YOUR INSTRUCTIONS
In the listing below, print exactly the lines between the line holding "Chilling bendy coloring page" and the line holding "Women preparing chestnuts", inclusive, and no more.

DATA RECORDS
....

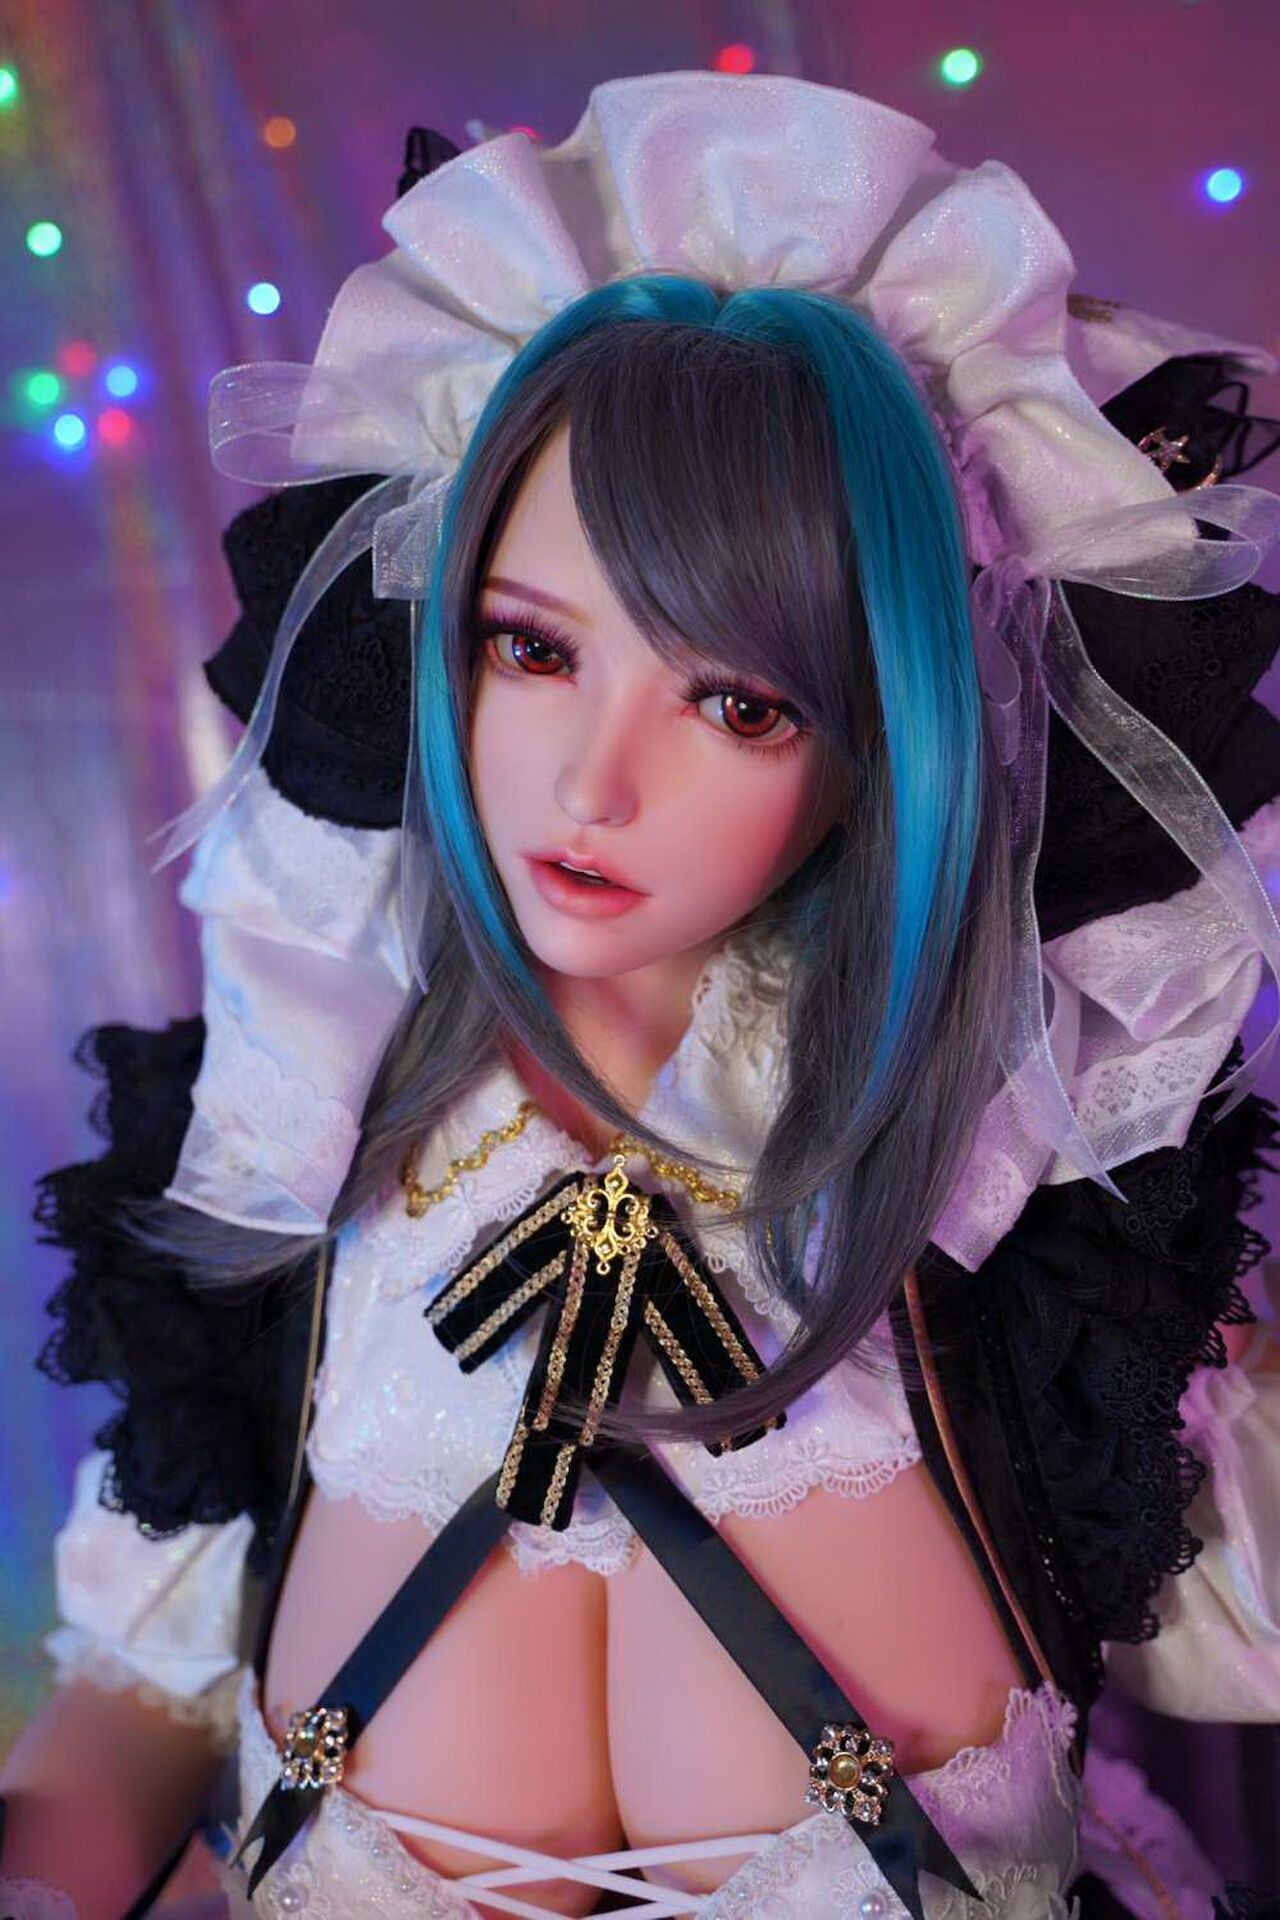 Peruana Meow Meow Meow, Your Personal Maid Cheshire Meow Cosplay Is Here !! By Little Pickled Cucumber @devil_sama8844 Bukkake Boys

....

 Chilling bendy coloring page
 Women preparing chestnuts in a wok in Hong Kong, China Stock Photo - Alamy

....

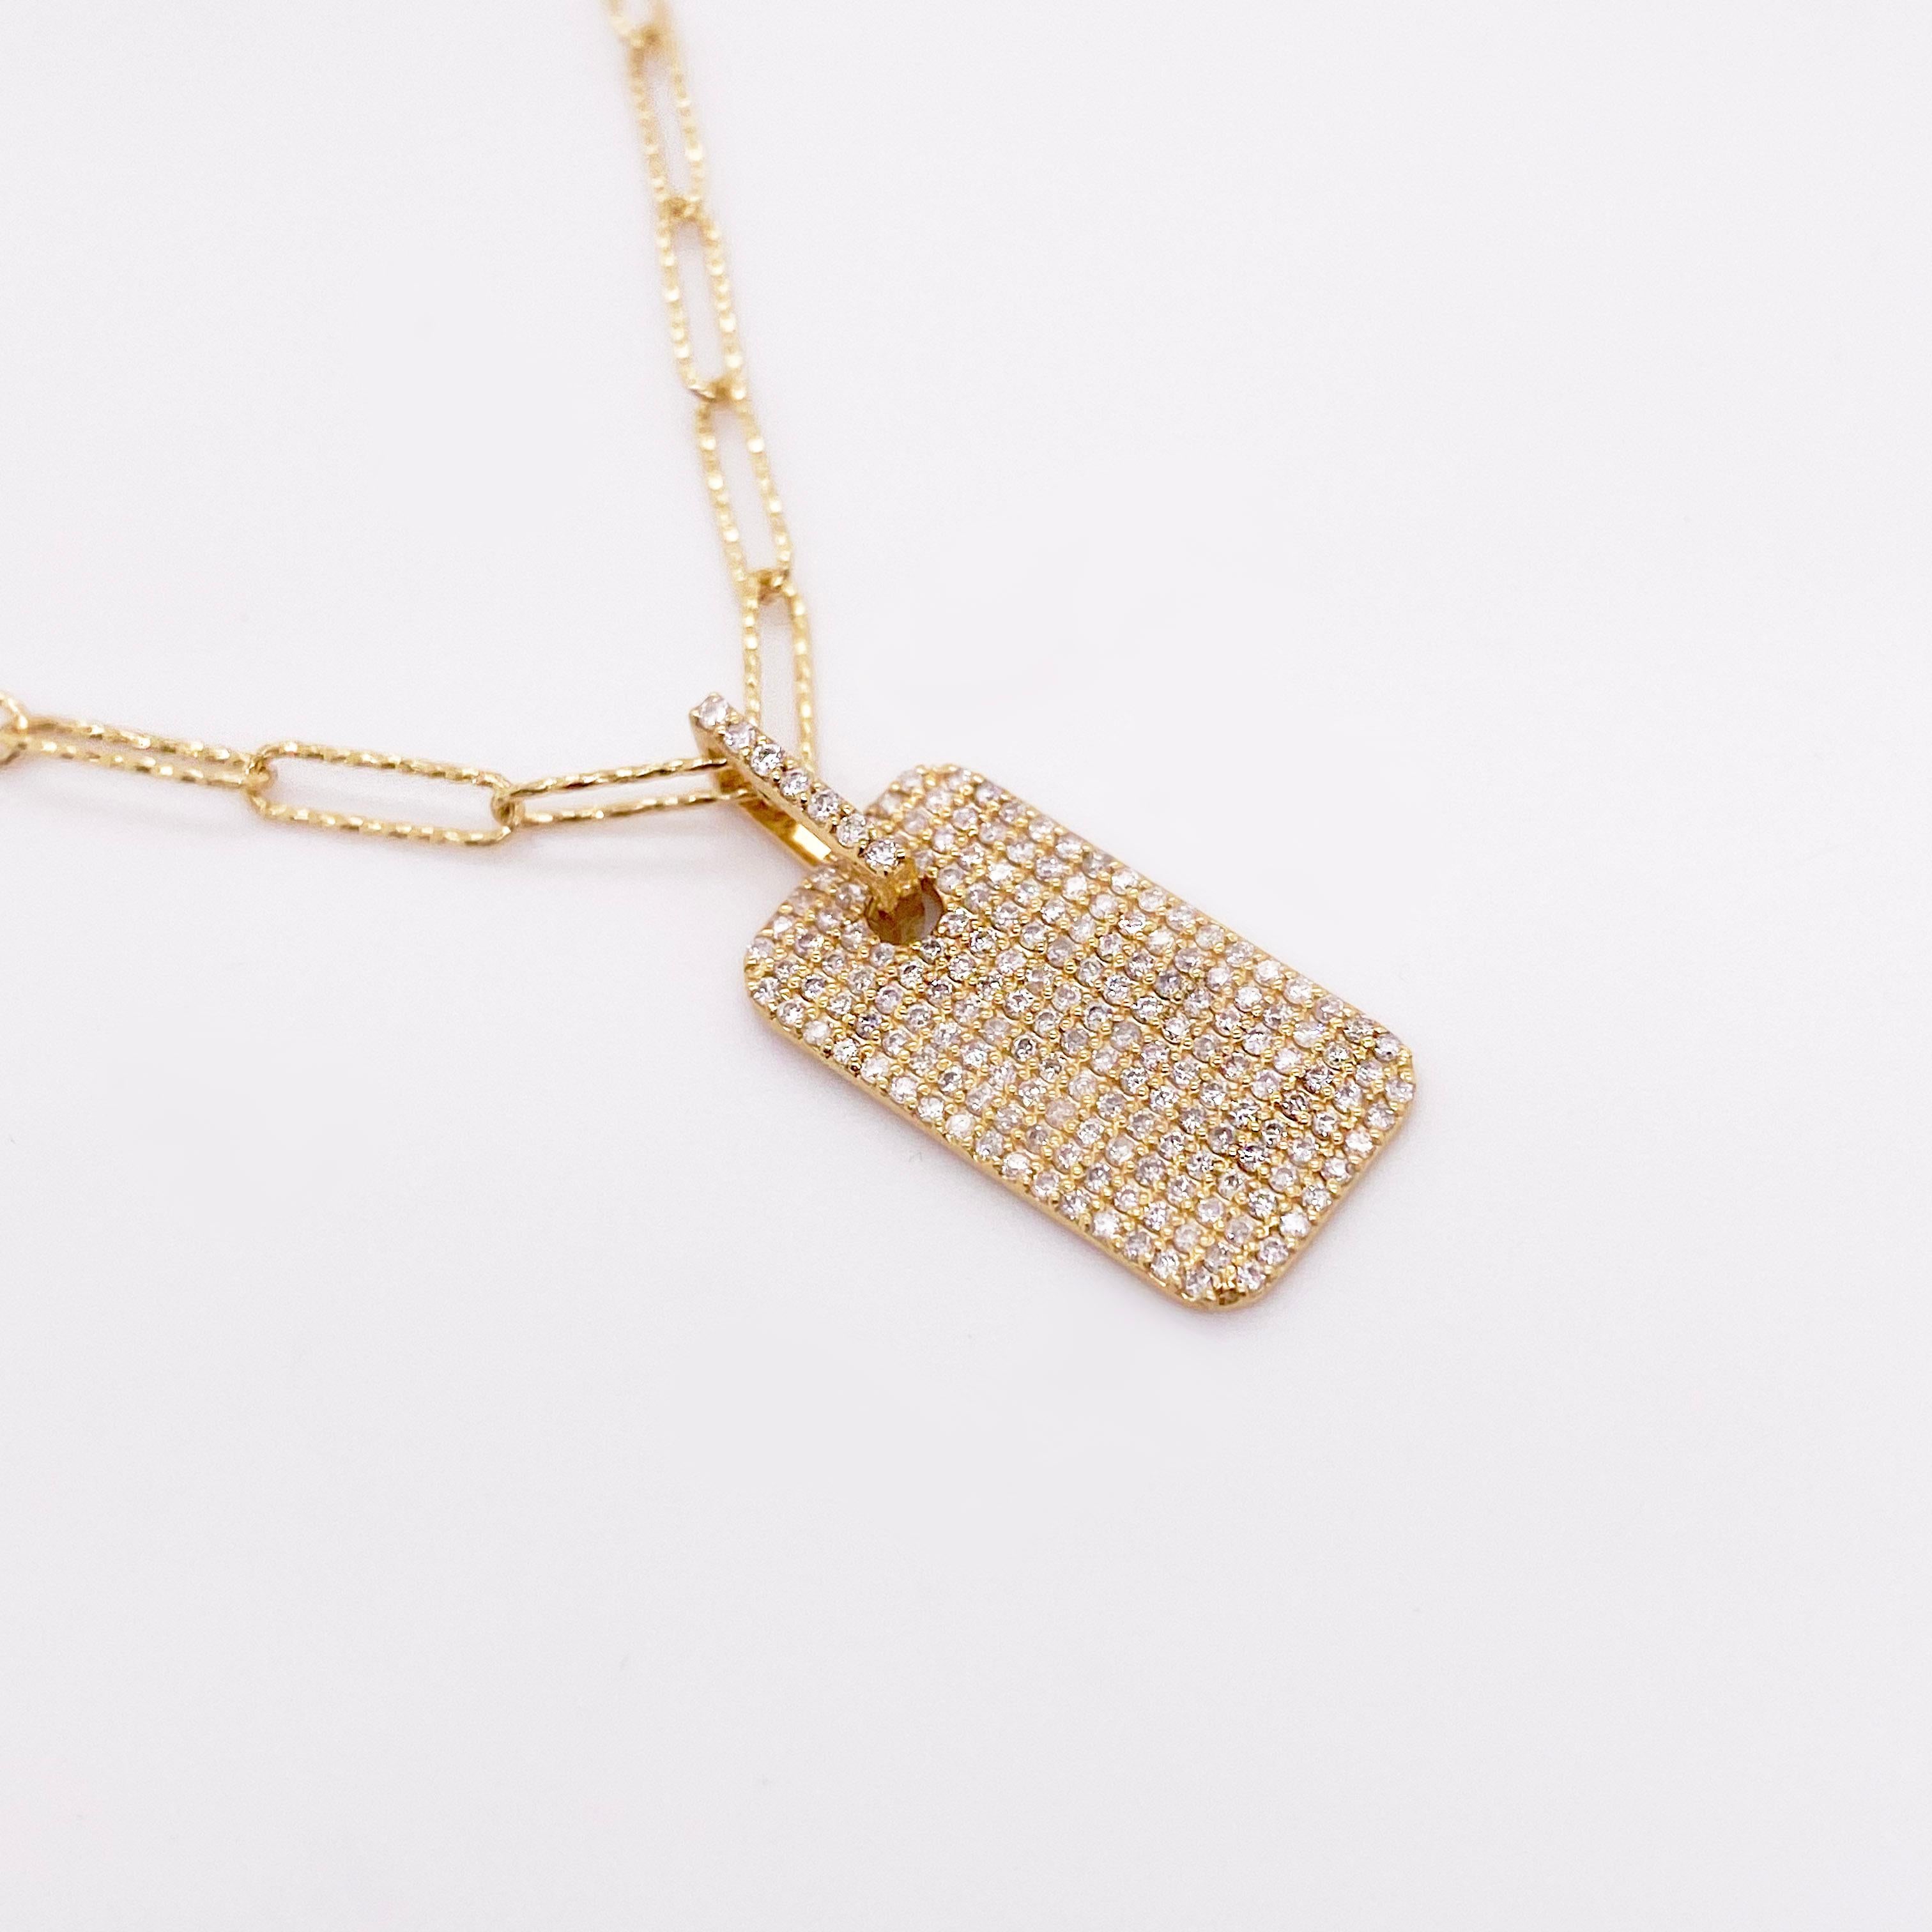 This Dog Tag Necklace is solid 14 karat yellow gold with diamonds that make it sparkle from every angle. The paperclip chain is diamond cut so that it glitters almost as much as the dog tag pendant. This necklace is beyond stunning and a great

....

OUTPUT BELOW
 Chilling bendy coloring page
 Women preparing chestnuts in a wok in Hong Kong, China Stock Photo - Alamy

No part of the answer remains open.